Farr is joined in questioning the status of the moth by California assemblymembers Jared Huffman (D – San Rafael) and Dave Jones (D – Sacramento); Senator Mark Leno (D – San Francisco), as well as former Senator Migden (D – San Francisco) and former Assemblymember John Laird (D -Santa Cruz). Other elected officials are expected to sign on to this request as the issue intensifies. The USDA announced recently that the petition is being seriously considered and that a review is to be released this spring.

"State and federal agriculture agencies put the cart before the horse," says Paul Schramski Towers, State Director of Pesticide Watch Education Fund. "Rather than identifying and publicizing the lack of a threat posed by the apple moth, the agencies rushed to declare an emergency. Reclassification puts the moth in its place."

An executive summary of the petition can be found in the Documents section
of the http://www.stopthespray.org website.
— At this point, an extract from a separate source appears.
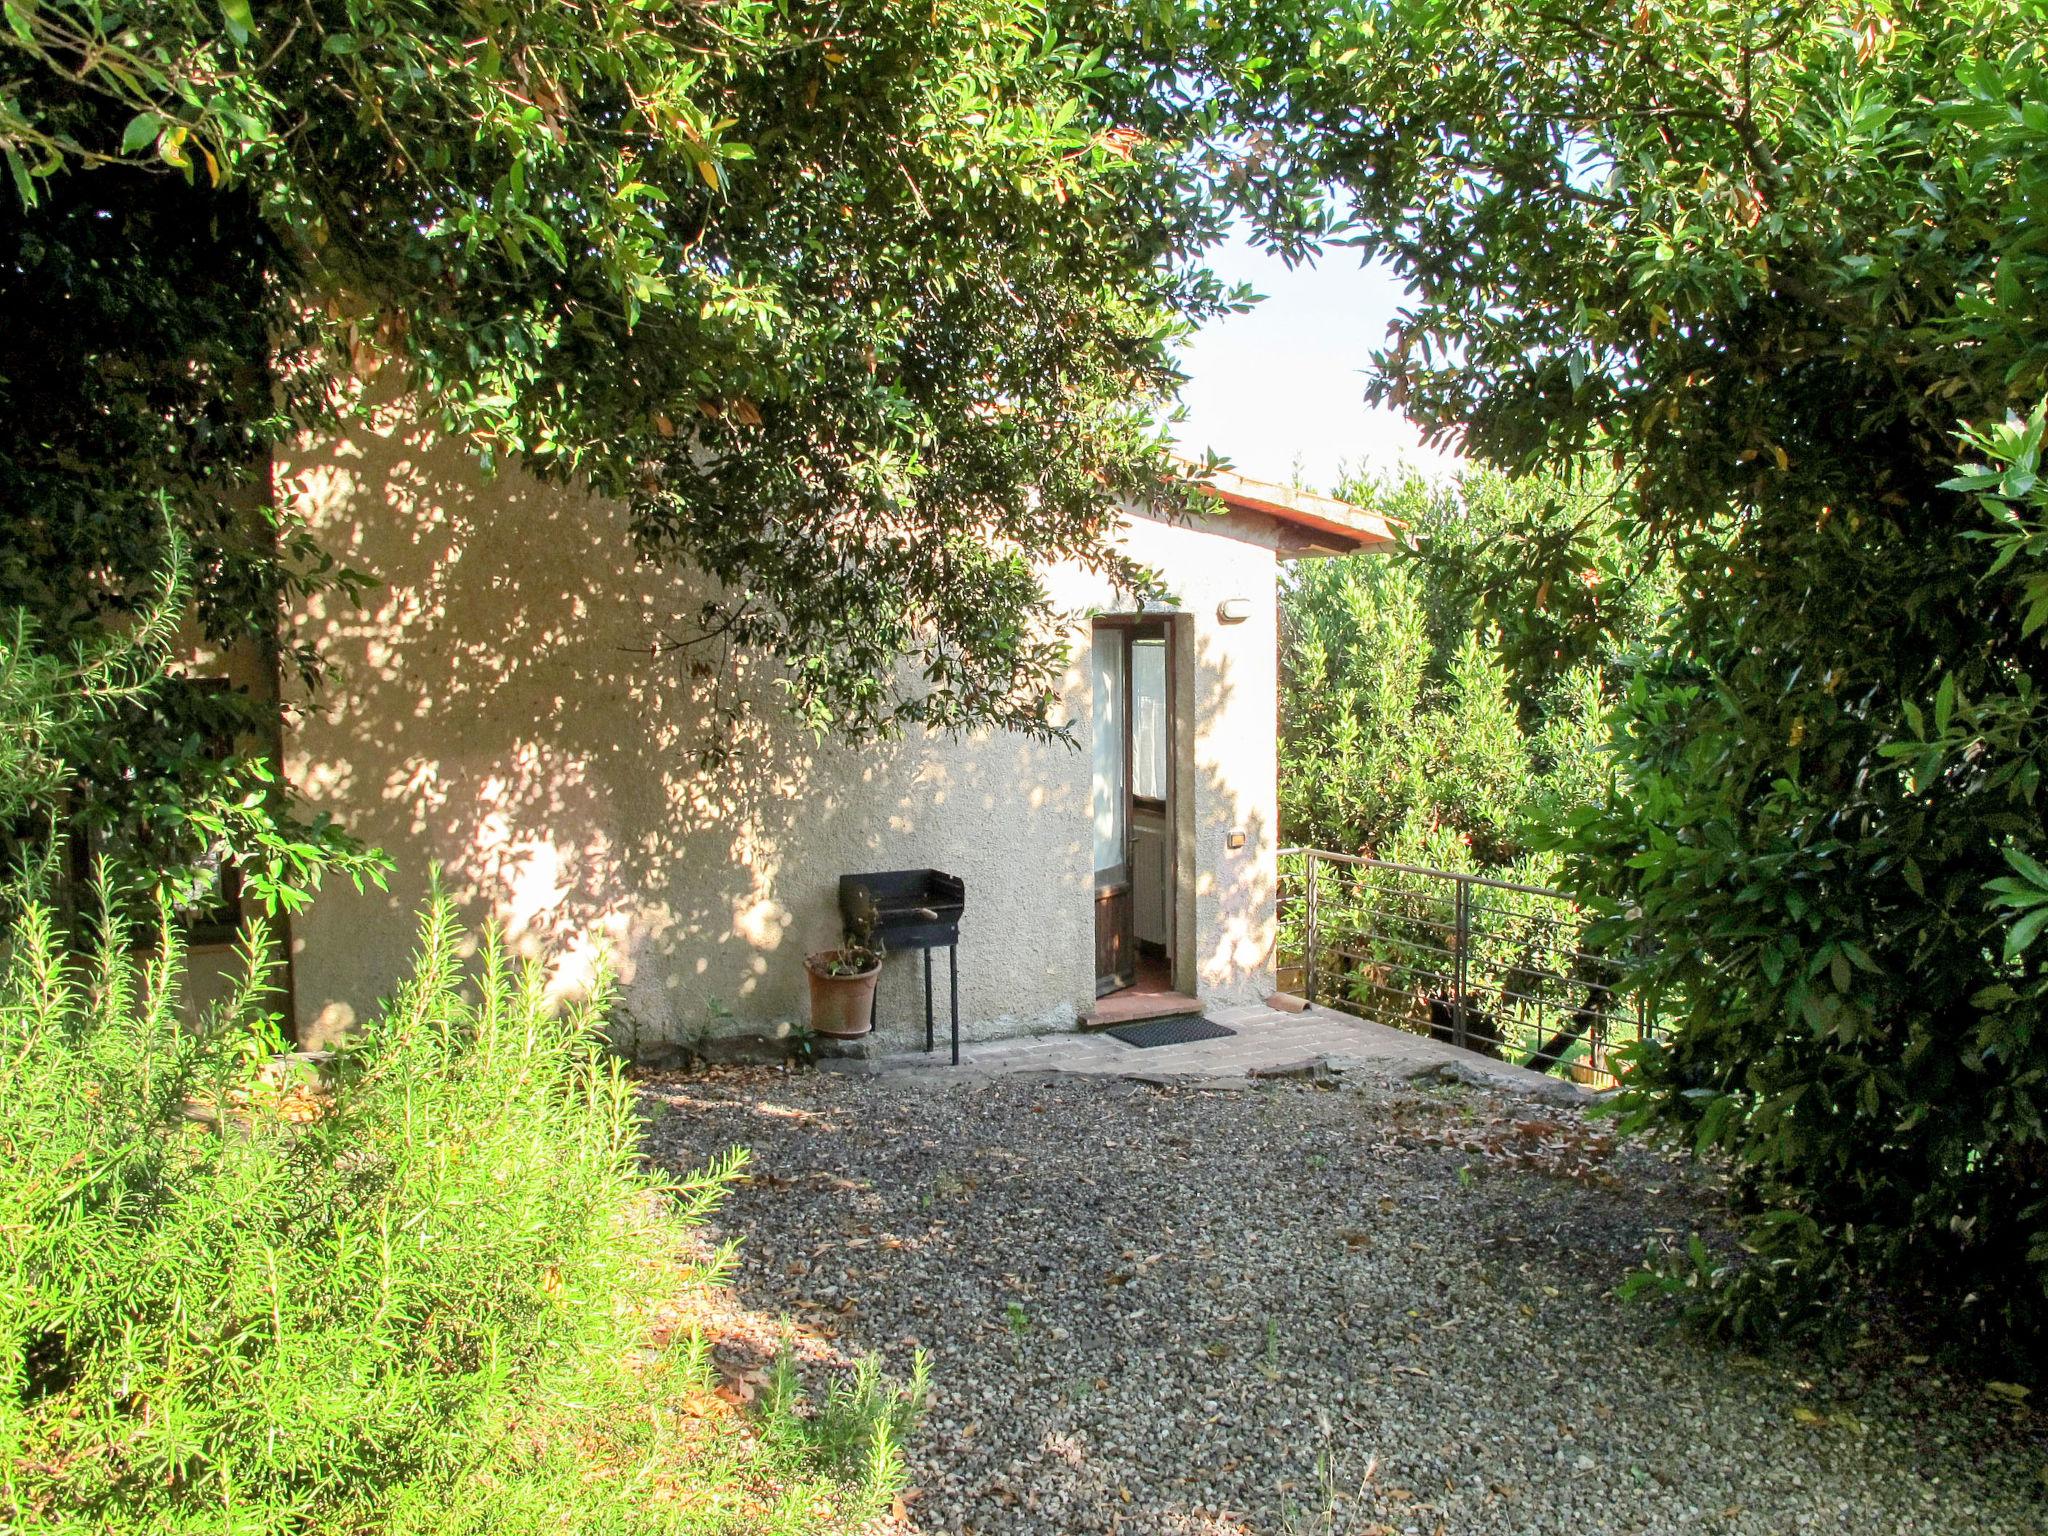 Foto 8 - Casa con 4 camere da letto a San Gimignano con piscina e giardino

The letter calling for reclassification can be downloaded at http://www.stopthespray.org/lbam/

...................................


About the Light Brown Apple Moth (LBAM) eradication program

The Light-brown Apple Moth (LBAM) was officially discovered in California in 2007 although it may have been in the state for up to 30 years. The California Department of Agriculture (CDFA) declared an administrative emergency, established quarantine zones, and launched a multi-million dollar eradication program. Aerial pesticide sprayings in the Monterey Bay area in fall 2007 resulted in reports of environmental damage and more than 600 health complaints. The pesticide spray posed a severe
respiratory hazard and contained ingredients with established carcinogenic, mutagenic, and reproductive toxicities. CDFA announced on June 19, 2008, that it would no longer aerially spray urban areas for LBAM, but the eradication program, which proposes toxic ground treatments, continues.

About Stop The Spray

Stop The Spray (http://www.stopthespray.org) is a grass-roots movement in response to the aerial sprayings on the Monterey Peninsula. Stop The Spray has organizations throughout the entire San Francisco and Monterey Bay areas, extending from Sonoma through Marin, San Francisco, the East Bay, and south to San Mateo county, Santa Cruz and Monterey.